To do.
The expected result is an exact restatement of the data, free of pictures.

Given data.
....

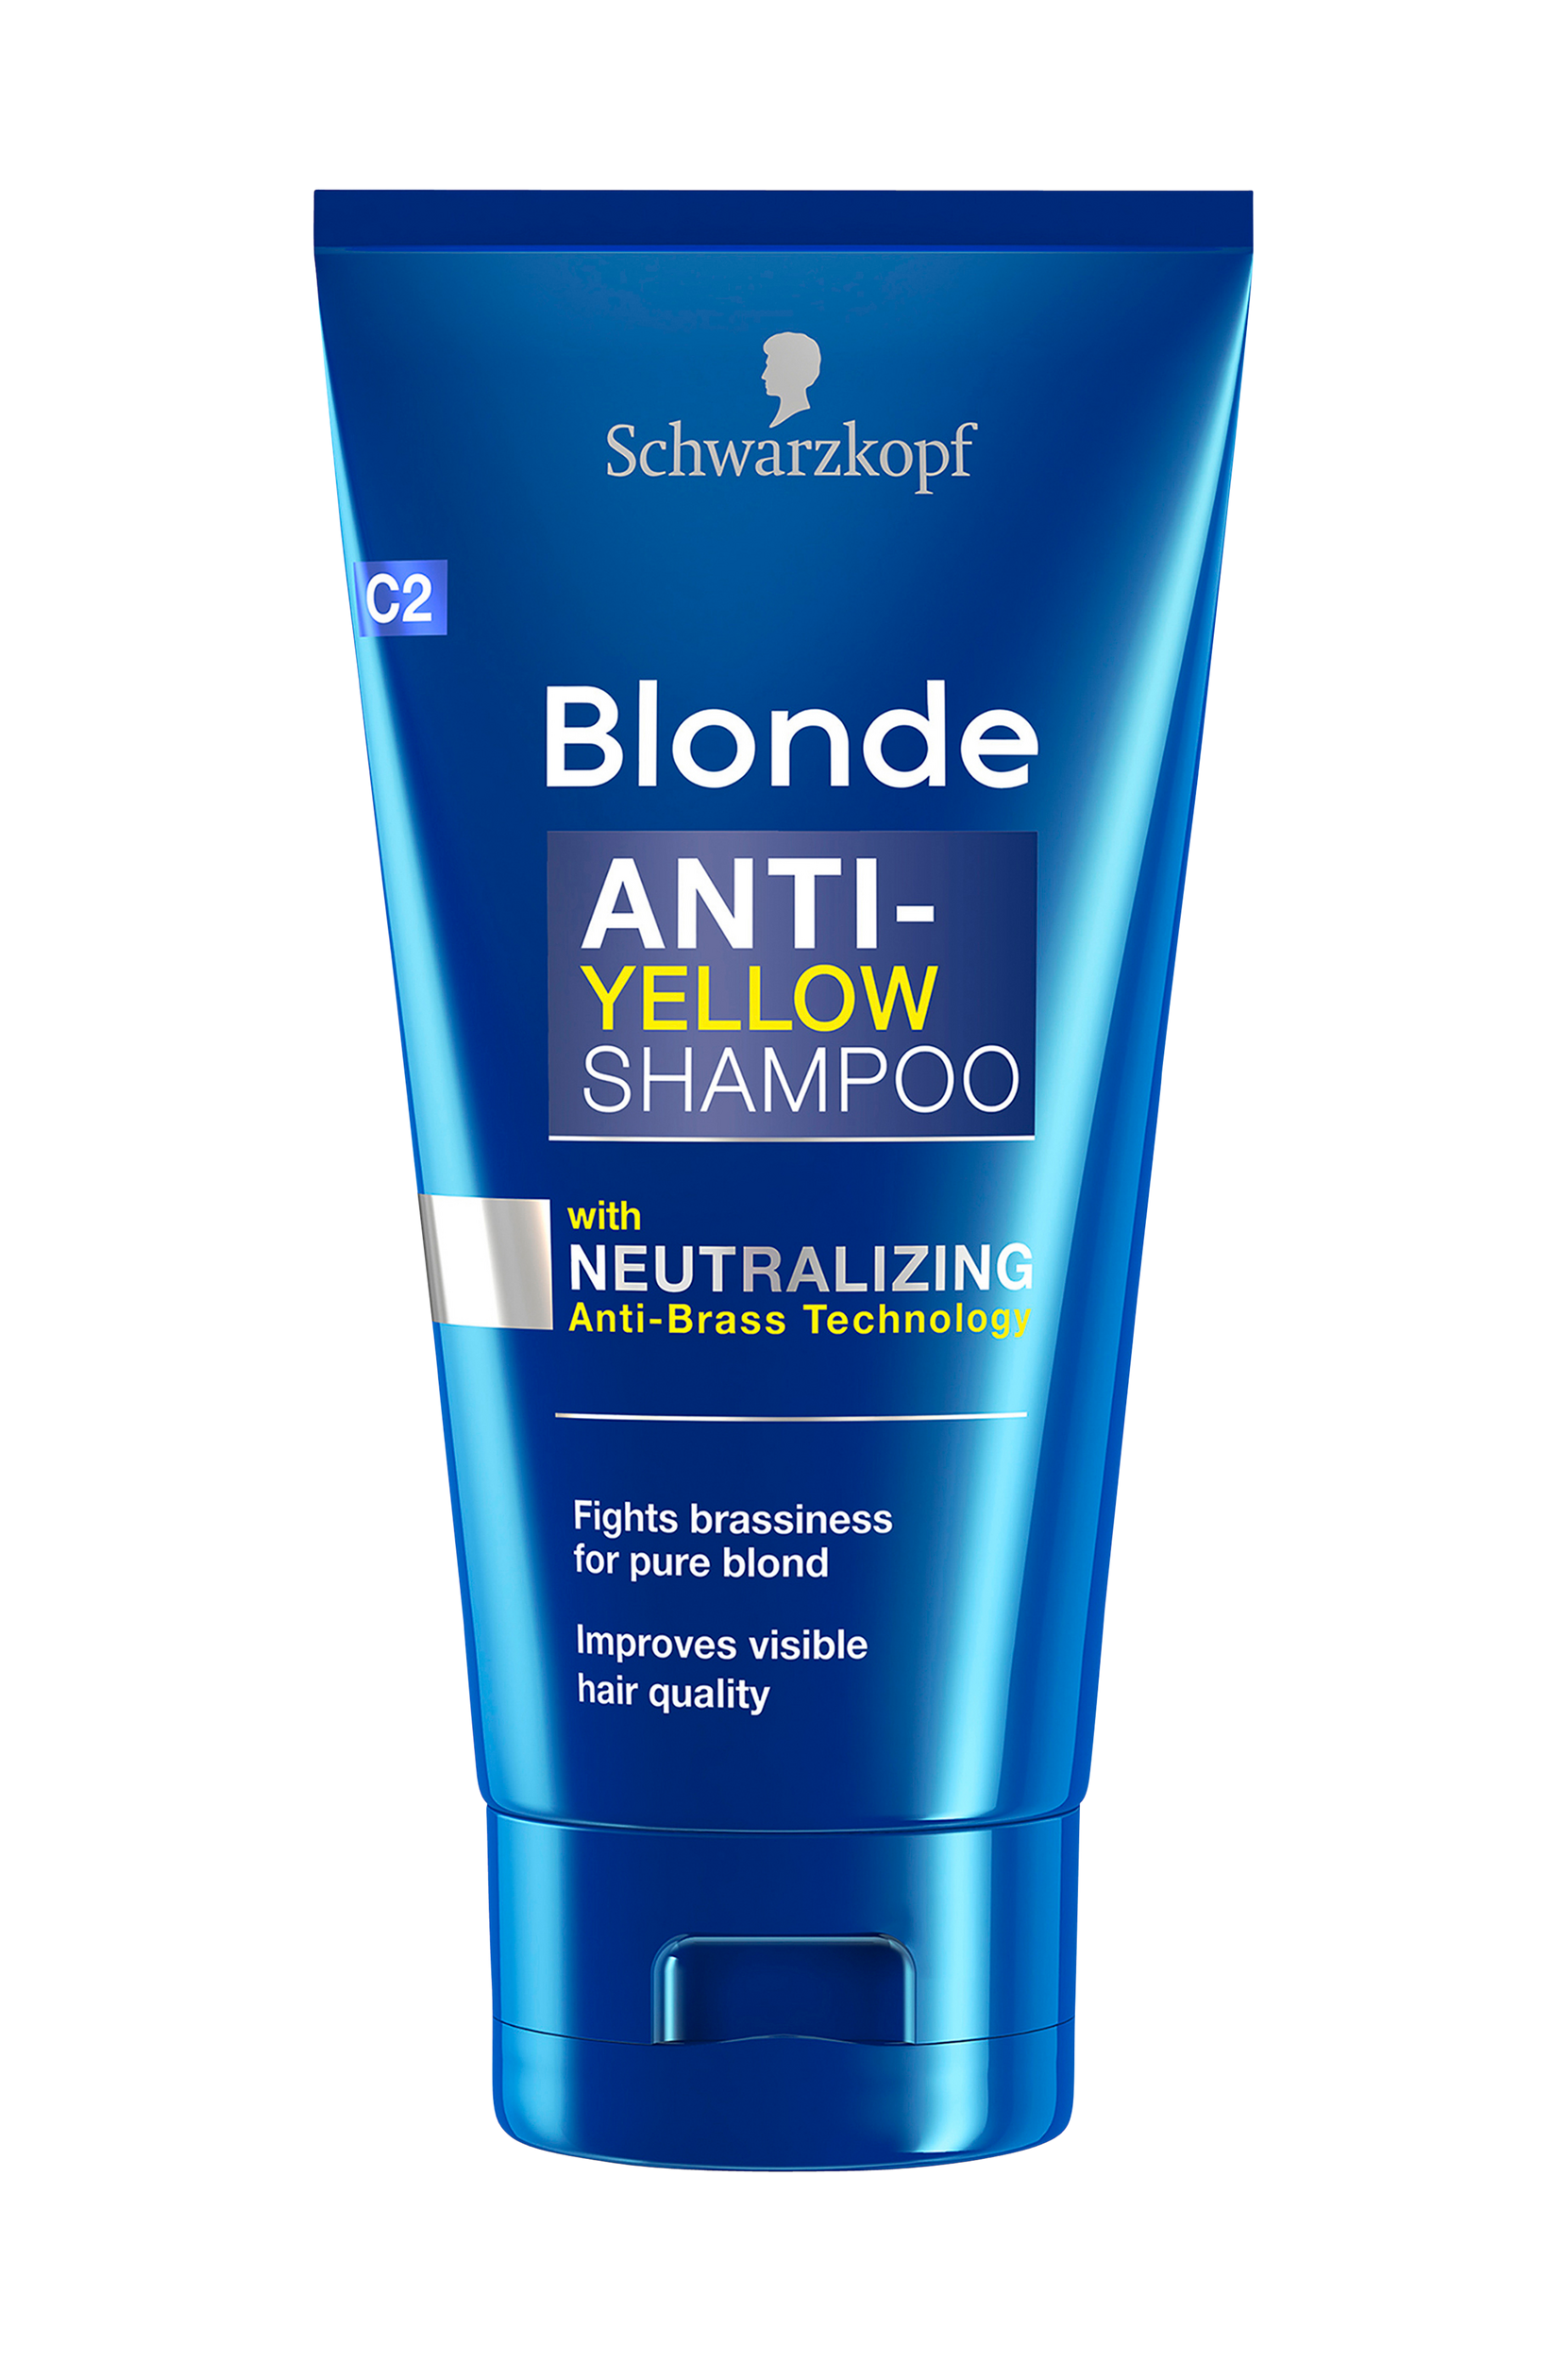 Blonde Anti-Yellow Shampoo, Schwarzkopf
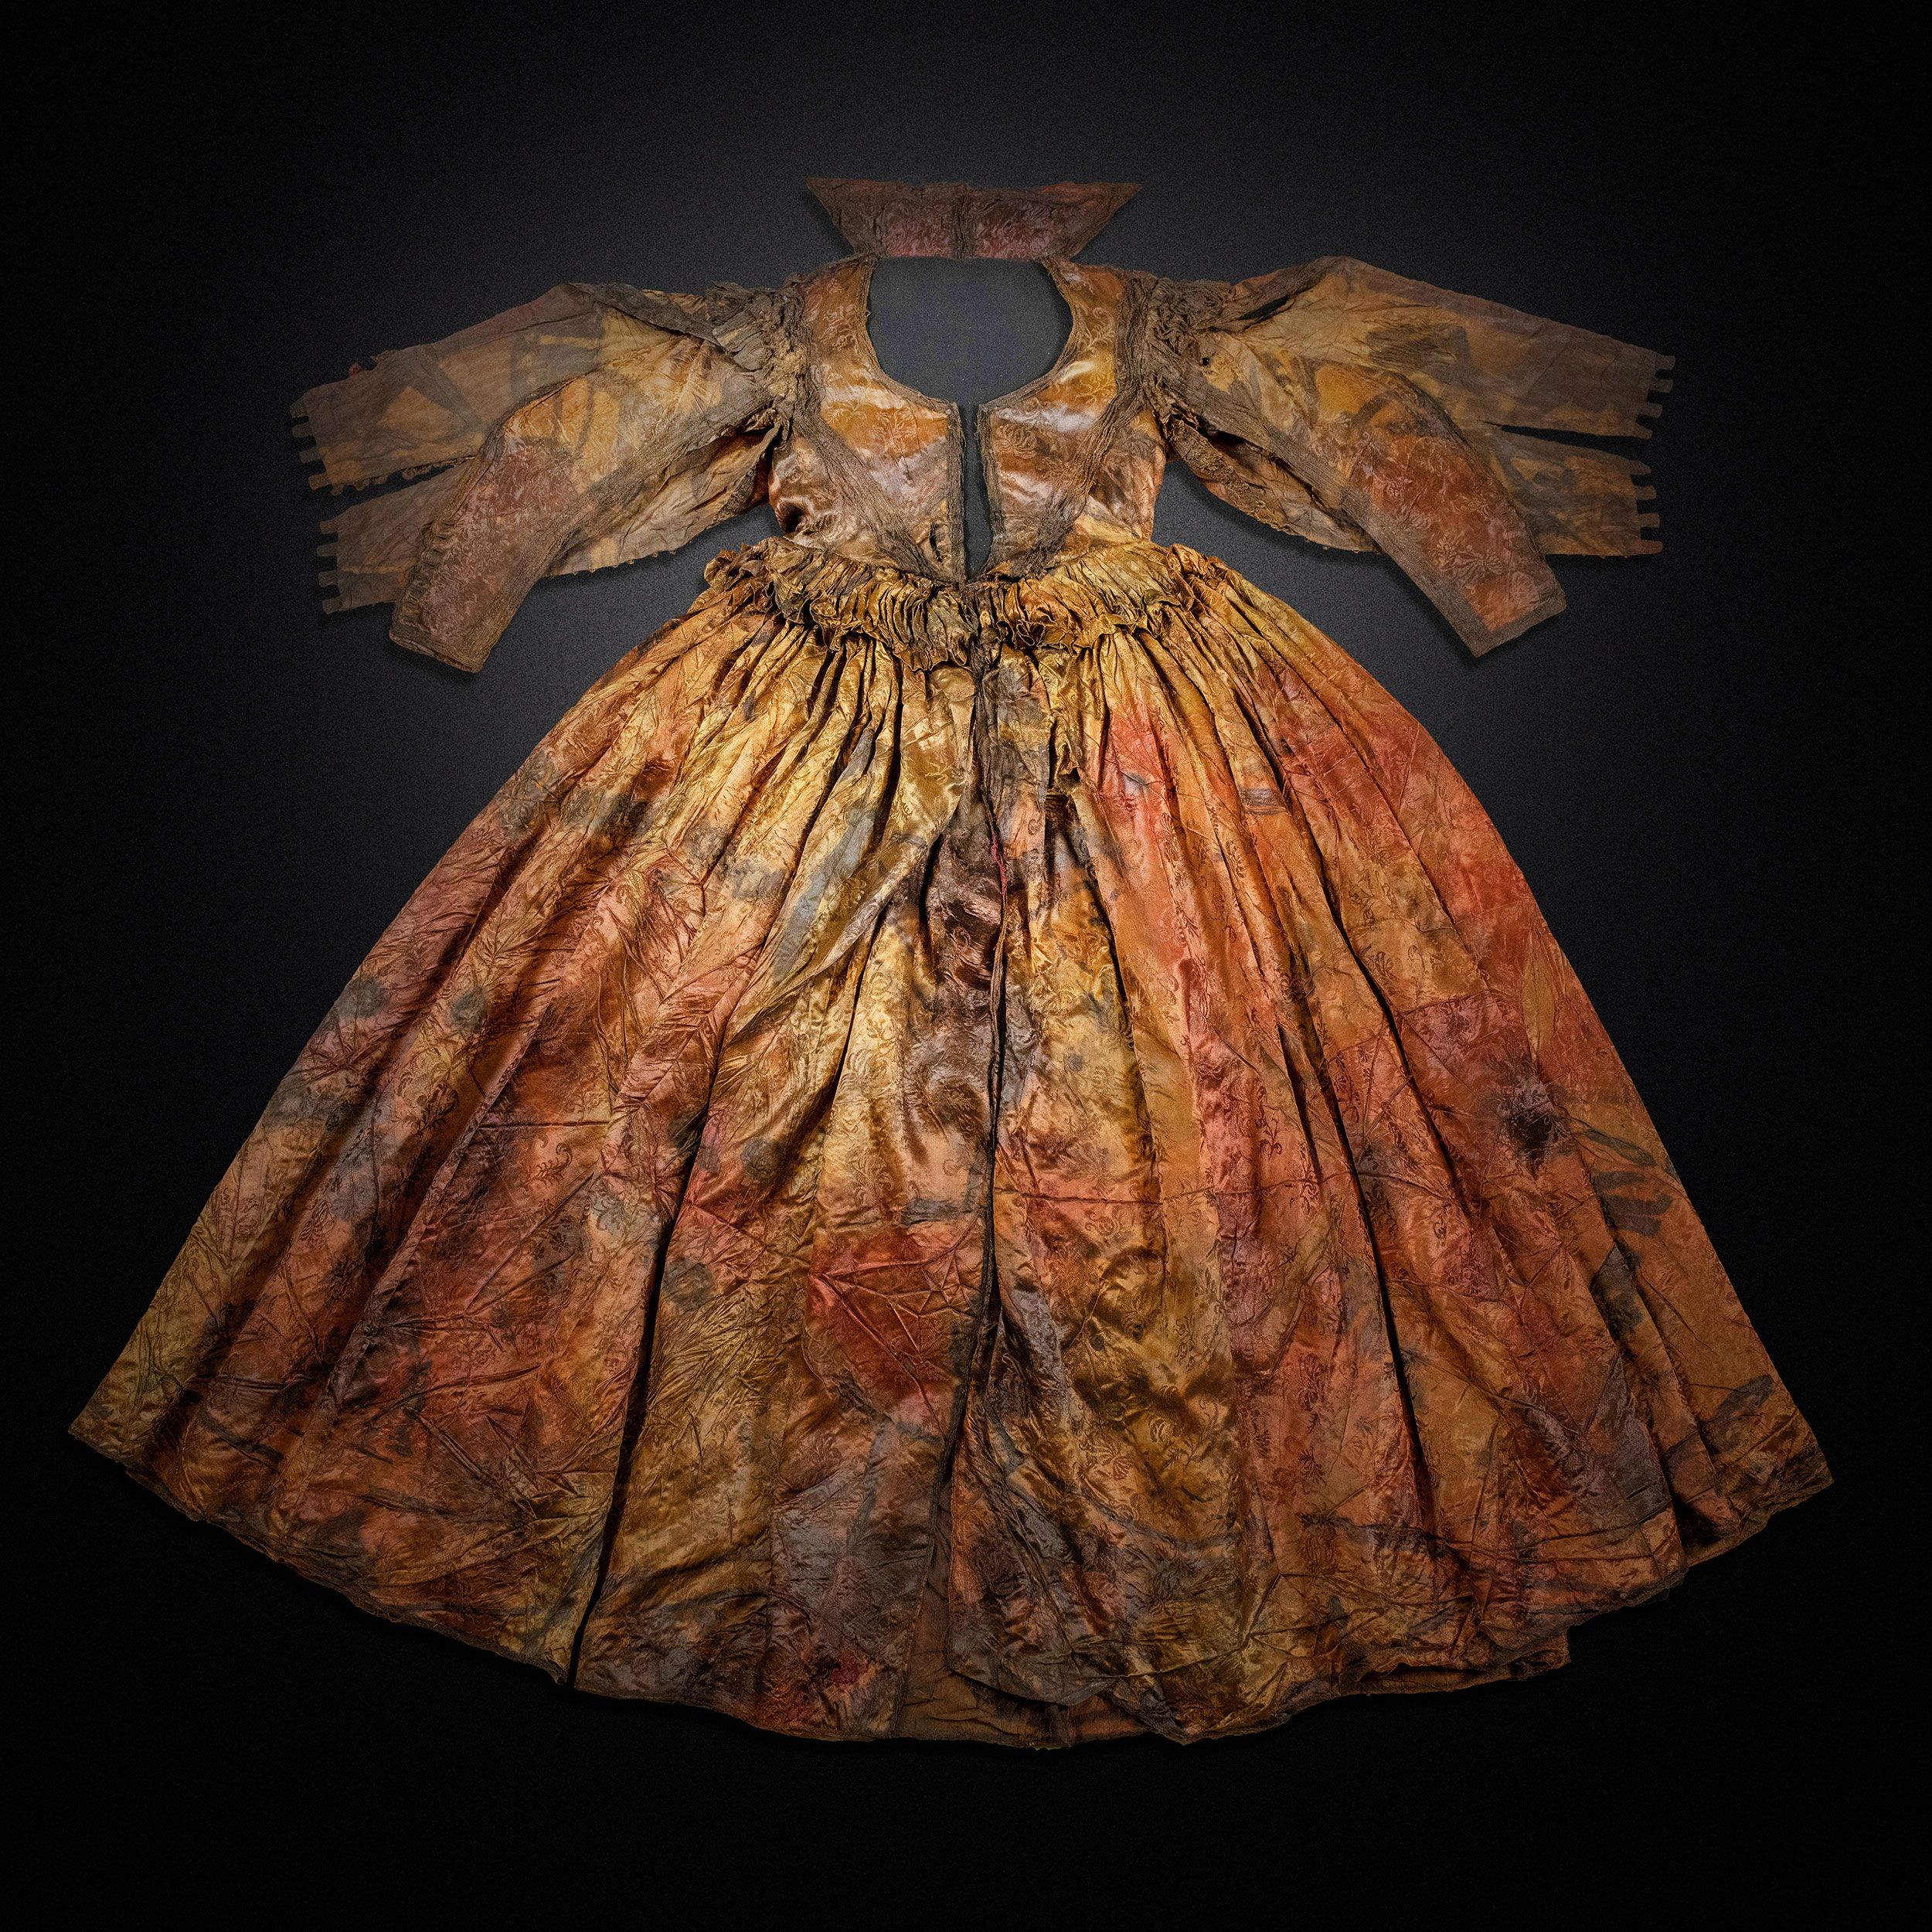 17th century dress costume
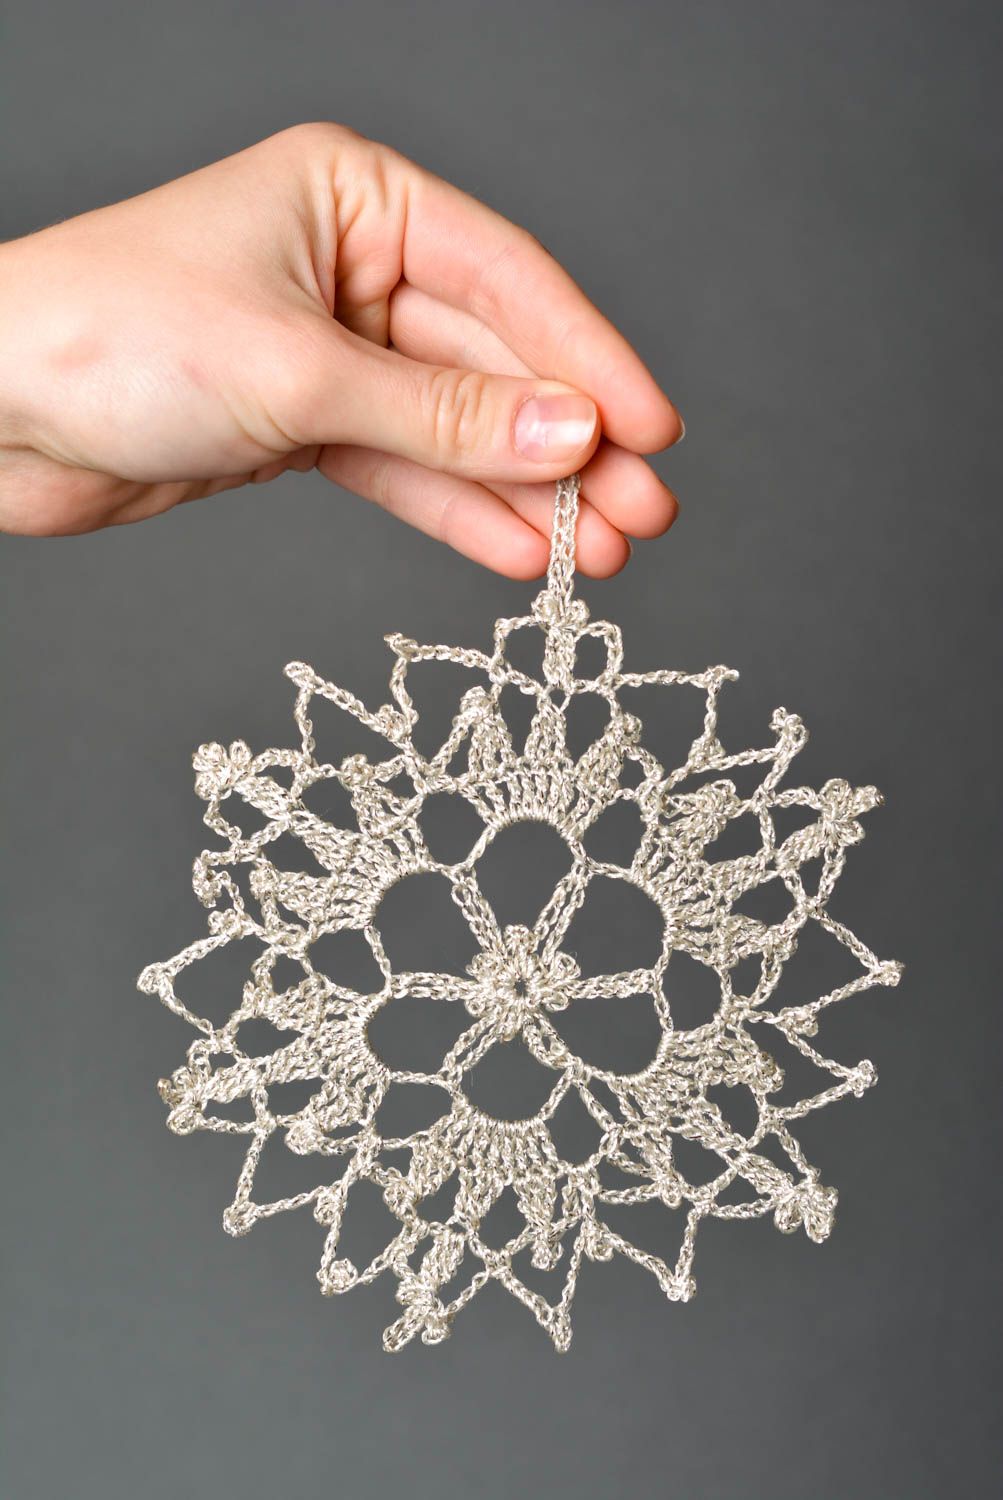 Handmade crocheted snowflake Christmas tree decor interior decor ideas photo 2

....

Task result.
 Blonde Anti-Yellow Shampoo, Schwarzkopf
 17th century dress costume
 Handmade crocheted snowflake Christmas tree decor interior decor ideas photo 2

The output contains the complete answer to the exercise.